Consider first the case $n=1$. Let $w(x):=\frac12\,1(|x|<1)$ for real $x$. Then $w\in L^2(\R)$ and for the Fourier transform $\hat w$ of $w$ and all real $t\ne0$ we have
\begin{equation*}
\hat w(t)=\int_\R dx\, e^{itx} w(x)=\frac{\sin t}t, \tag{1}\label{1}
\end{equation*}
with $\hat w(0)=1$. Let now $v:=w*w$. Then $v$ is of course compactly supported, and
\begin{equation*}
\hat v=\hat w^2.
\end{equation*}
Next, let $u$ be the inverse Fourier transform of $|\hat w|=\sqrt{\hat v}$, so that $u$ is the limit in $L^2(\R)$ as $A\to\infty$ of the functions $u_A$ defined by the formula
\begin{equation*}
u_A(x):=\frac1{2\pi}\,\int_{-A}^A dx e^{-itx} \frac{|\sin t|}{|t|}
=\frac1{2\pi}\,\int_{-A}^A dx \cos tx\, \frac{|\sin t|}{|t|}
\end{equation*}
for real $x$.
Note that $u\in L^2(\R)$, since $\hat u=|\hat w|\in L^2(\R)$. (One may also note that the function $u$ is real-valued.)

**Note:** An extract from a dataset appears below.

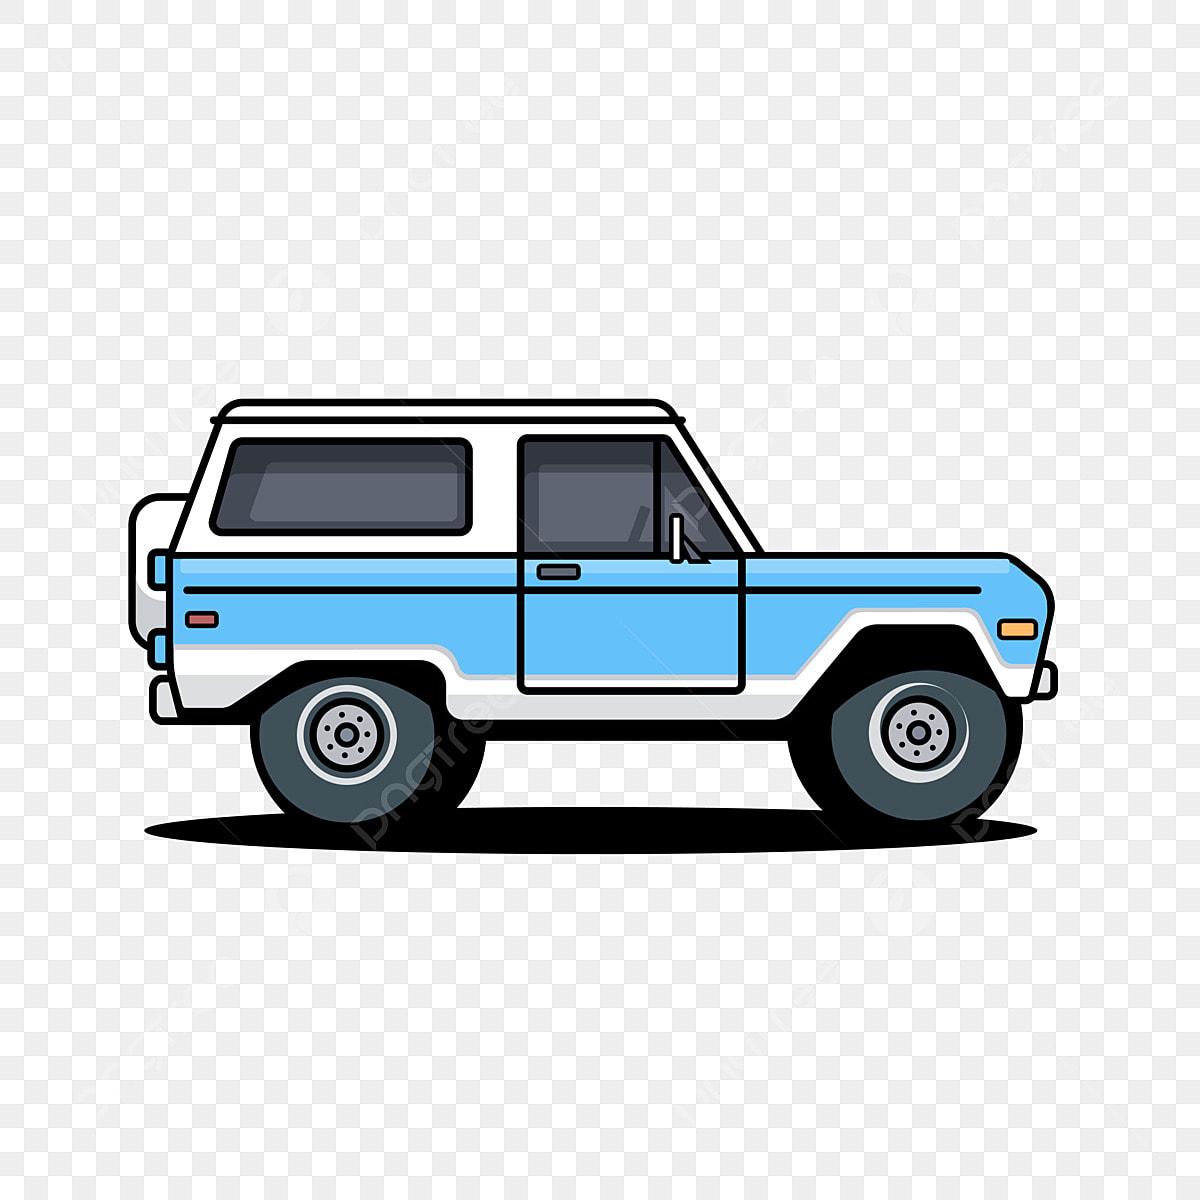 Gambar Kartun Jip Mobil Vektor Mg Datar Ai Jeep Clipart Kartun Mg Png Dan Vektor Dengan Latar Belakang Transparan Untuk Unduh Gratis

Also, $u*u=v$, since $\hat u^2=|\hat w|^2=\hat v$. So, $u*u$ is compactly supported.
If the function $u$ were compactly supported, then, by the easy part of [Schwartz's Paley–Wiener theorem][1], the Fourier transform $\hat u=|\hat w|$ could be extended to an entire function -- which is impossible, because, in view of \eqref{1}, the function $|\hat w|$ is not smooth on $\R$.
Thus, $w\in L^2(\R)$ and $u*u$ is compactly supported, but $u$ is not compactly supported.
---
To get now, for any natural $n$, an explicit example of a function $U\in L^2(\R^n)$ such that $U*U$ is compactly supported but $U$ is not compactly supported, it is enough to tensorize the function $u$ from the "one-dimensional" example above:
\begin{equation*}
U(x):=u^{\otimes n}(x)=u(x_1)\cdots u(x_n)
\end{equation*}
for $x=(x_1,\dots,x_n)\in\R^n$.
[1]: https://en.wikipedia.org/wiki/Paley%E2%80%93Wiener_theorem#Schwartz's_Paley%E2%80%93Wiener_theorem
[2]: https://mathoverflow.net/a/447181/36721